Jaromír Šámal (12 July 1900 – 5 June 1942) was a Czech zoologist and entomologist. He served as a professor of agriculture at the Czech Technical University. He specialized on aquatic organisms including insects, particularly the stoneflies and mayflies.
Šámal was the son of the Czech leader Přemysl Šámal (1867–1941) who was part of the anti-Austrian and anti-Nazi resistance. After his high school he went to Charles University where he studied under professor Alois Mrázek and Julius Komárek. He received a doctorate in 1923 and became an assistant to Jaromír Wenig and later Jiří Janda. He then joined the Czech Technical University where he became a professor of zoology in 1935. He also worked on fisheries projects.[1] [2]

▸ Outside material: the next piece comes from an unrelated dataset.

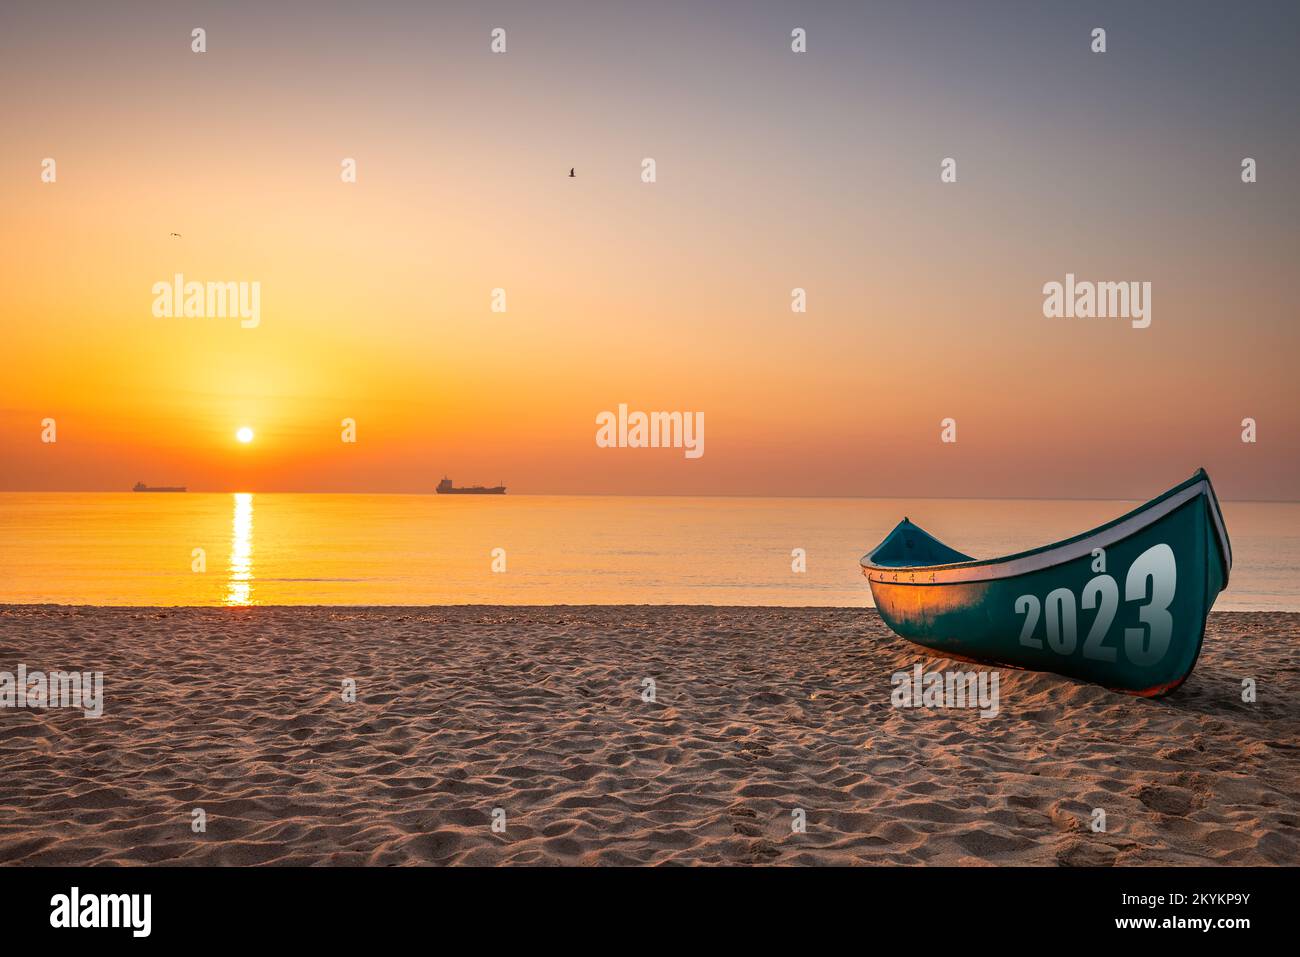 Happy new year 2023 relaxation morning on the beach concept. Fishing Boat and beautiful new sunrise or sunset on the seashore. Stock Photo

He married Milada née Cebeová (1906–1981[3]) who was also a zoologist[4] and they had two children. During the German invasion of 1939 he went into hiding and joined the resistance movement. Both his parents were arrested, his mother was taken to Auschwitz while his father died in 1941. His wife was arrested and sent to concentration camps in Terezín, Auschwitz and Ravensbrück and their two children were taken to Germany for re-education. After the war, they were found and repatriated.[5] Šámal was arrested in May and following the assassination of Reinhard Heydrich, he was executed along with others by Nazi forces by shooting at Kobylisy on 5 June 1942. The mayfly species Ecdynonurus samalorum was named after the couple.[6]